> [Source material]
○ ○ ○

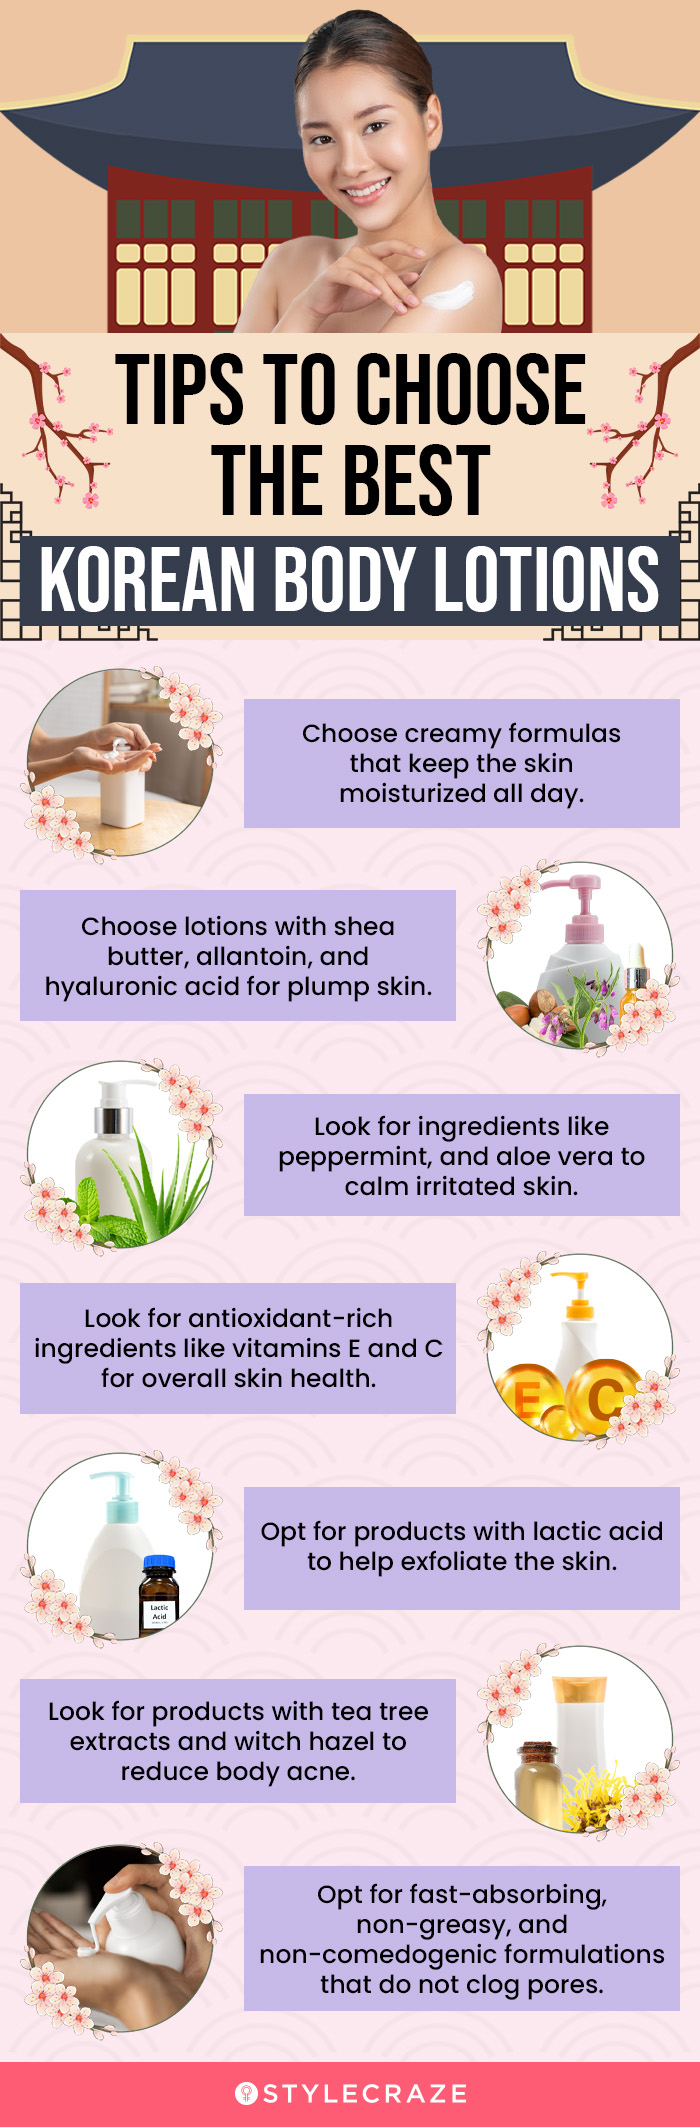 Tips To Choose The Best Korean Body Lotions (infographic)
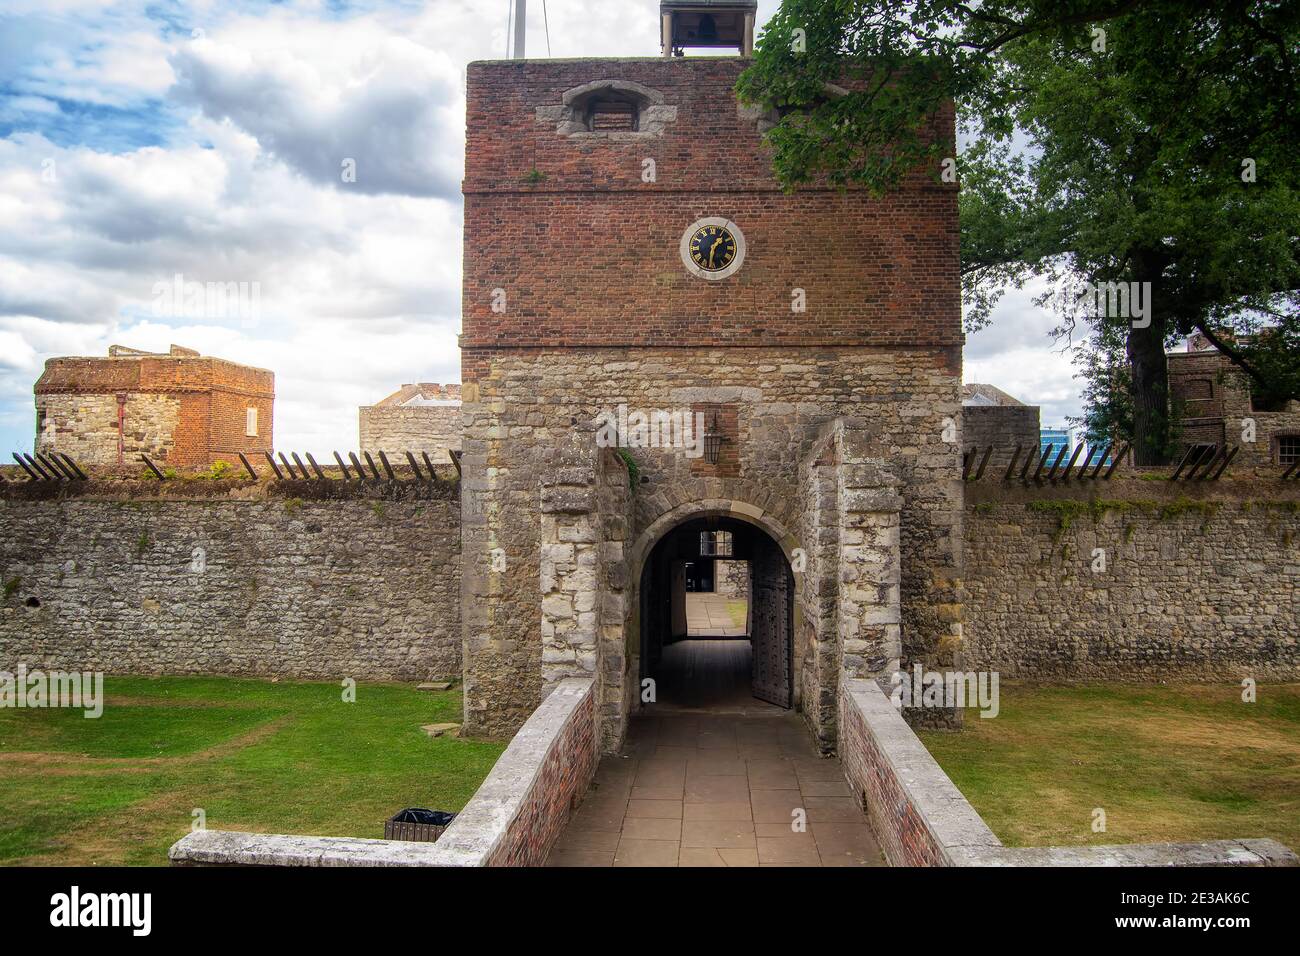 View of the entrance of Upnor castle. Stock Photo
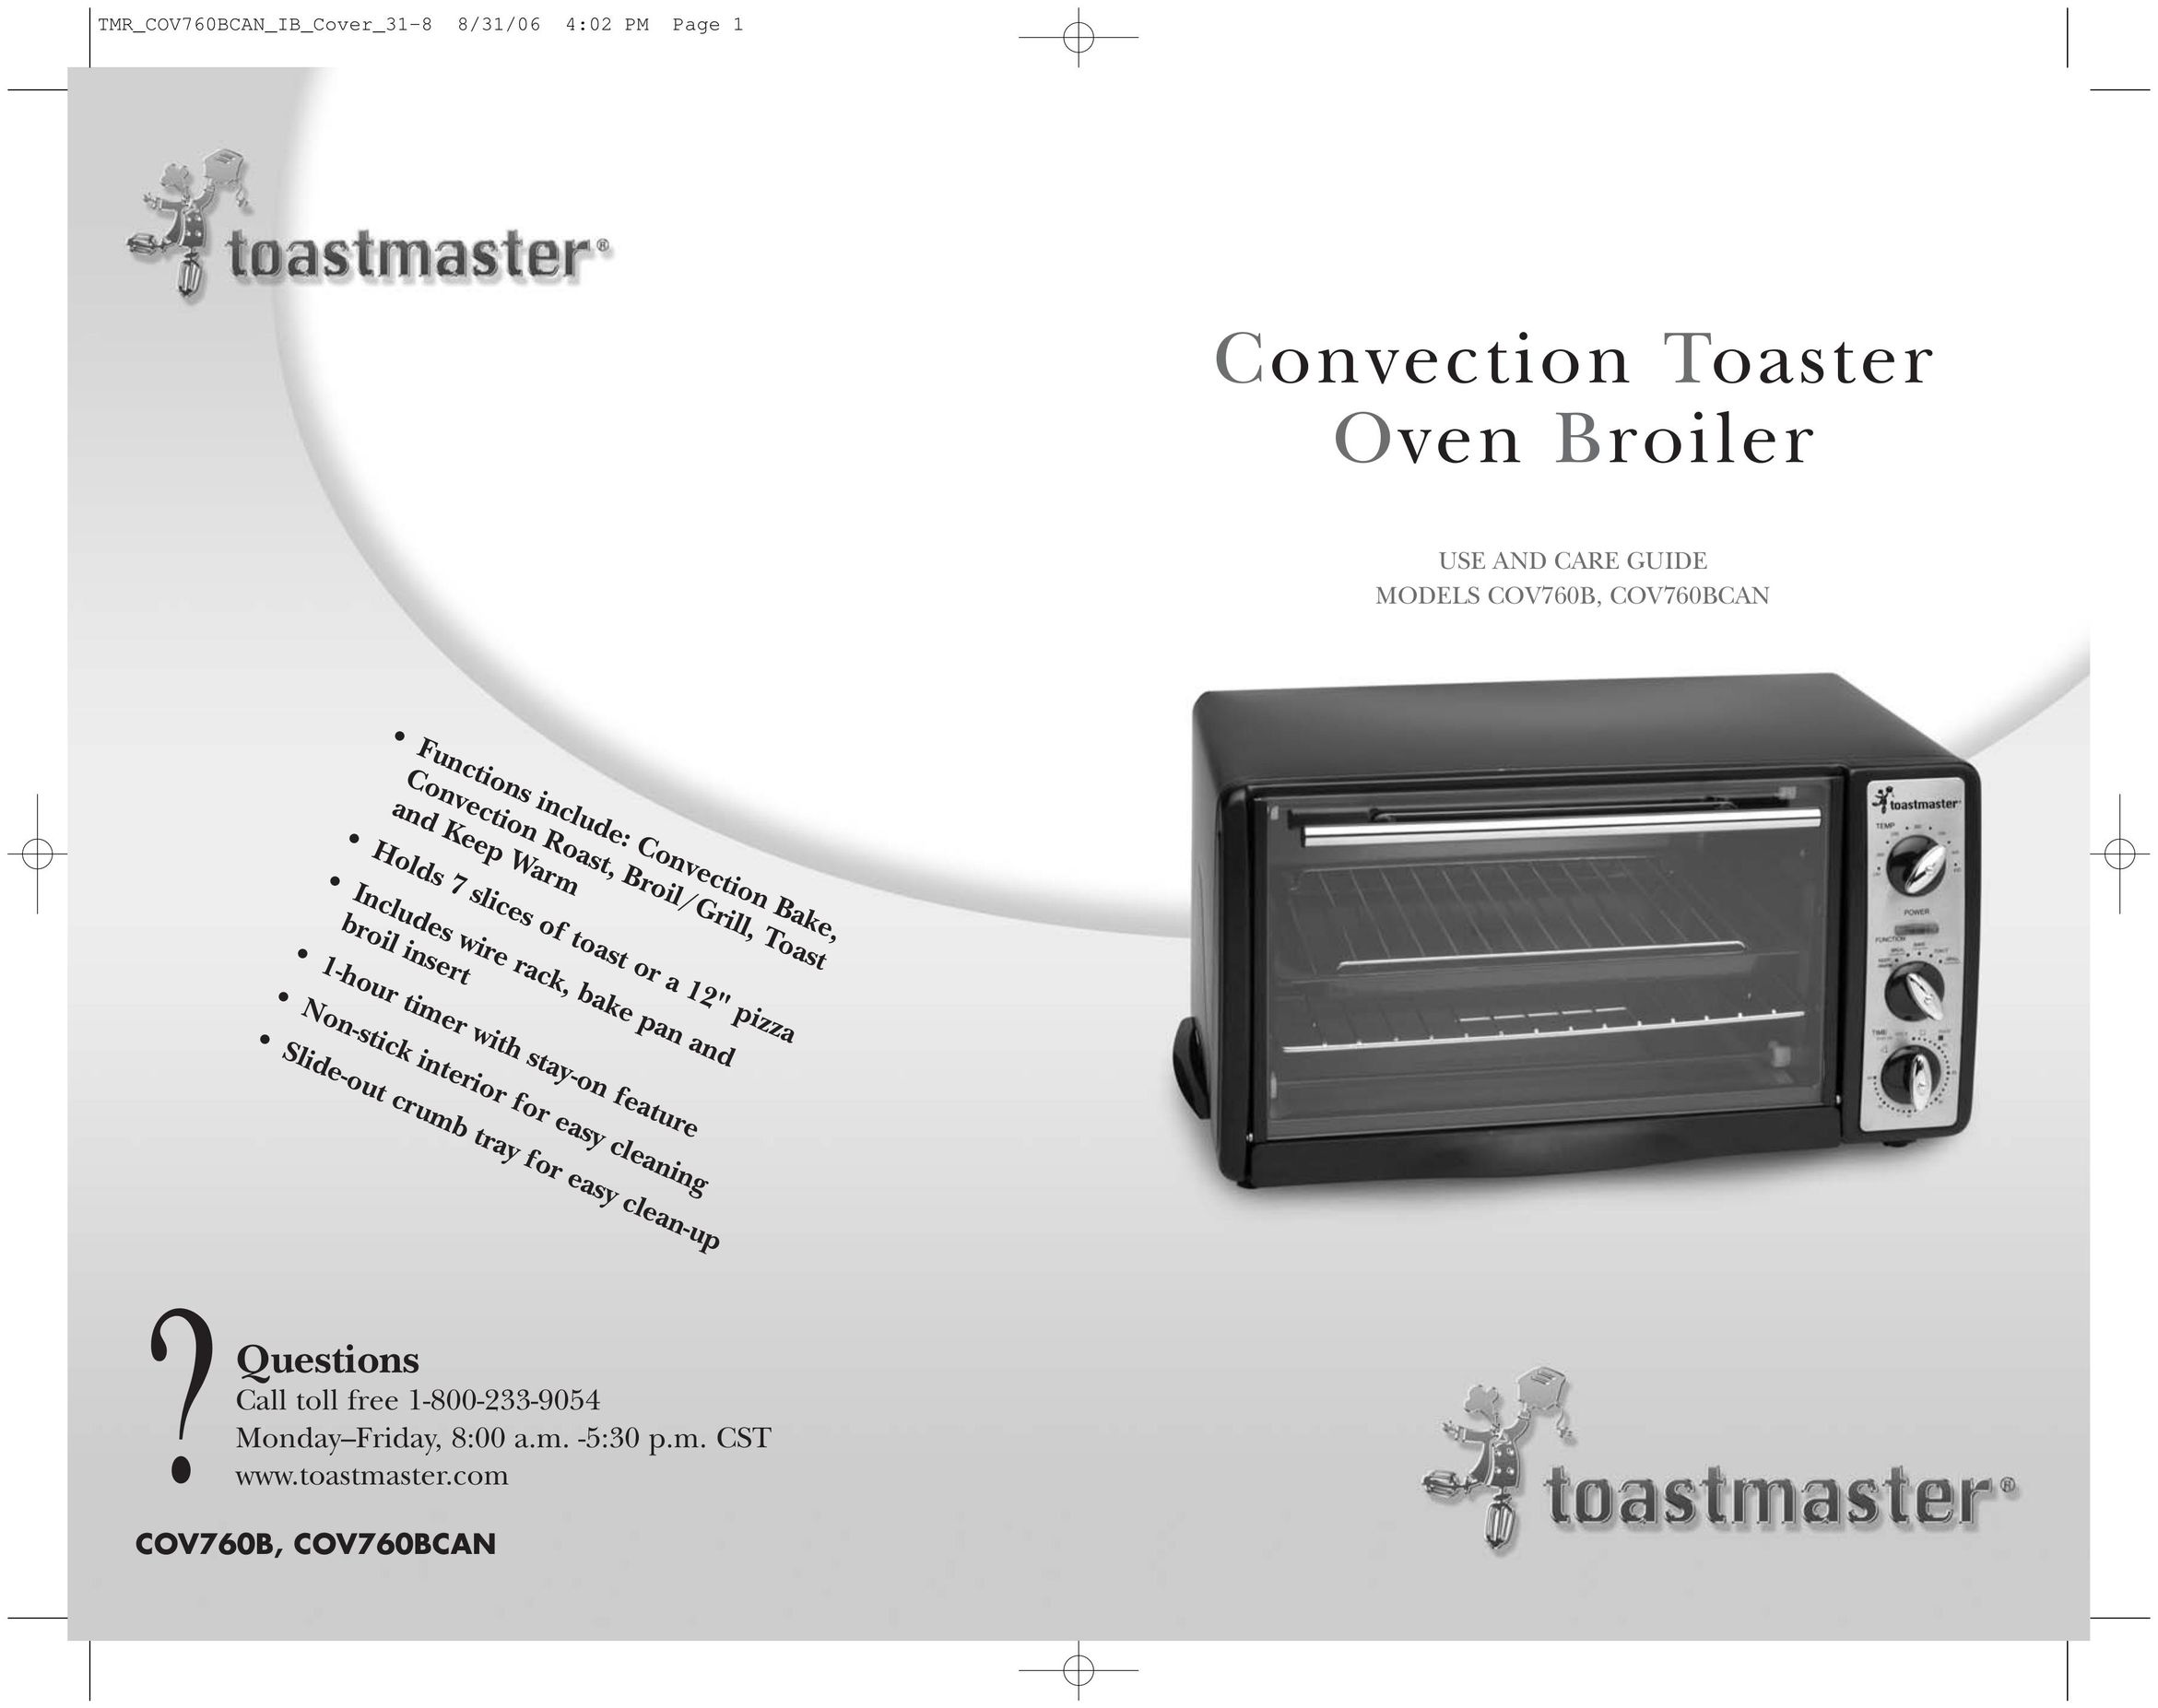 Toastmaster COV760BCAN Convection Oven User Manual

○ ○ ○

Print the listing verbatim, images excluded.

> [Solution to this problem]
 Tips To Choose The Best Korean Body Lotions (infographic)
 View of the entrance of Upnor castle. Stock Photo
 Toastmaster COV760BCAN Convection Oven User Manual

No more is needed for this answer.